Wednesday, May 24, 2023

Rewired genetic 'clock' slows aging and increases cellular lifespan in yeast by 80%

Good news! Better than plastic surgery and Botox injections? 😊 This sounds very promising to halt or delay aging!

Journal Science found this paper so interesting that they provided a perspective and an editor's summary for it.

"Yeast cells have a transcriptional toggle switch that leads them to die by one of two fates: One causes death by nucleolar decline, the other by mitochondrial decay. By rewiring this transcriptional switch into a negative-feedback loop, Zhou et al. were able to cause yeast cells to oscillate between the two states and increase their life span by 82% ... These results represent a step forward toward the use of engineering principles to design synthetic gene circuits that control complex biological traits."

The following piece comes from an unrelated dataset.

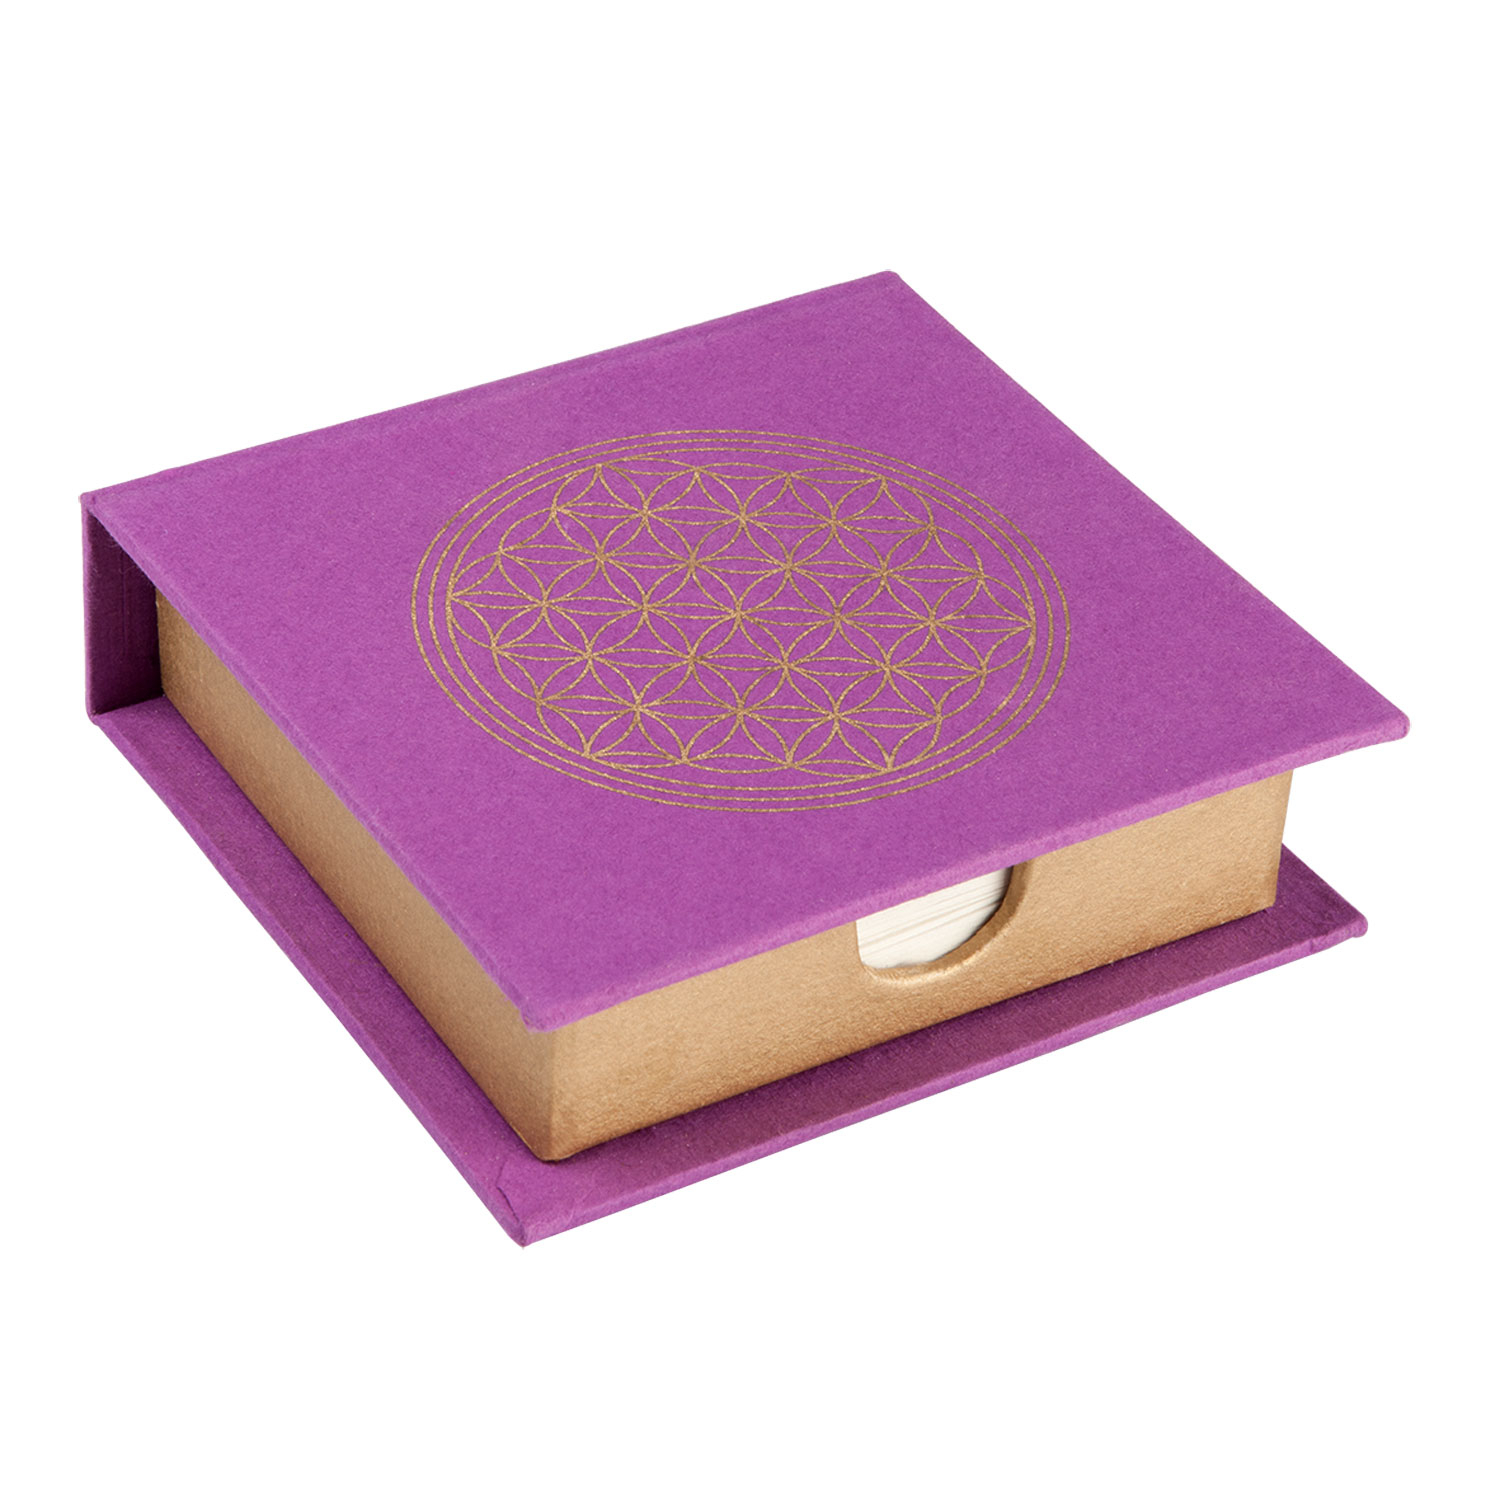 Notizzettelbox „Blume des Lebens“, Produktbild 2

"... These advances resulted in a dramatically extended cellular lifespan, setting a new record for life extension through genetic and chemical interventions. ...
the researchers in this study first used computer simulations of how the core aging circuit operates. ...
Several years ago the multidisciplinary UC San Diego research team began studying the mechanisms behind cell aging, a complex biological process that underlies human longevity and many diseases. They discovered that cells follow a cascade of molecular changes through their entire lifespan until they eventually degenerate and die. But they noticed that cells of the same genetic material and within the same environment can travel along distinct aging routes. About half of the cells age through a gradual decline in the stability of DNA, where genetic information is stored. The other half ages along a path tied to the decline of mitochondria, the energy production units of cells. ..."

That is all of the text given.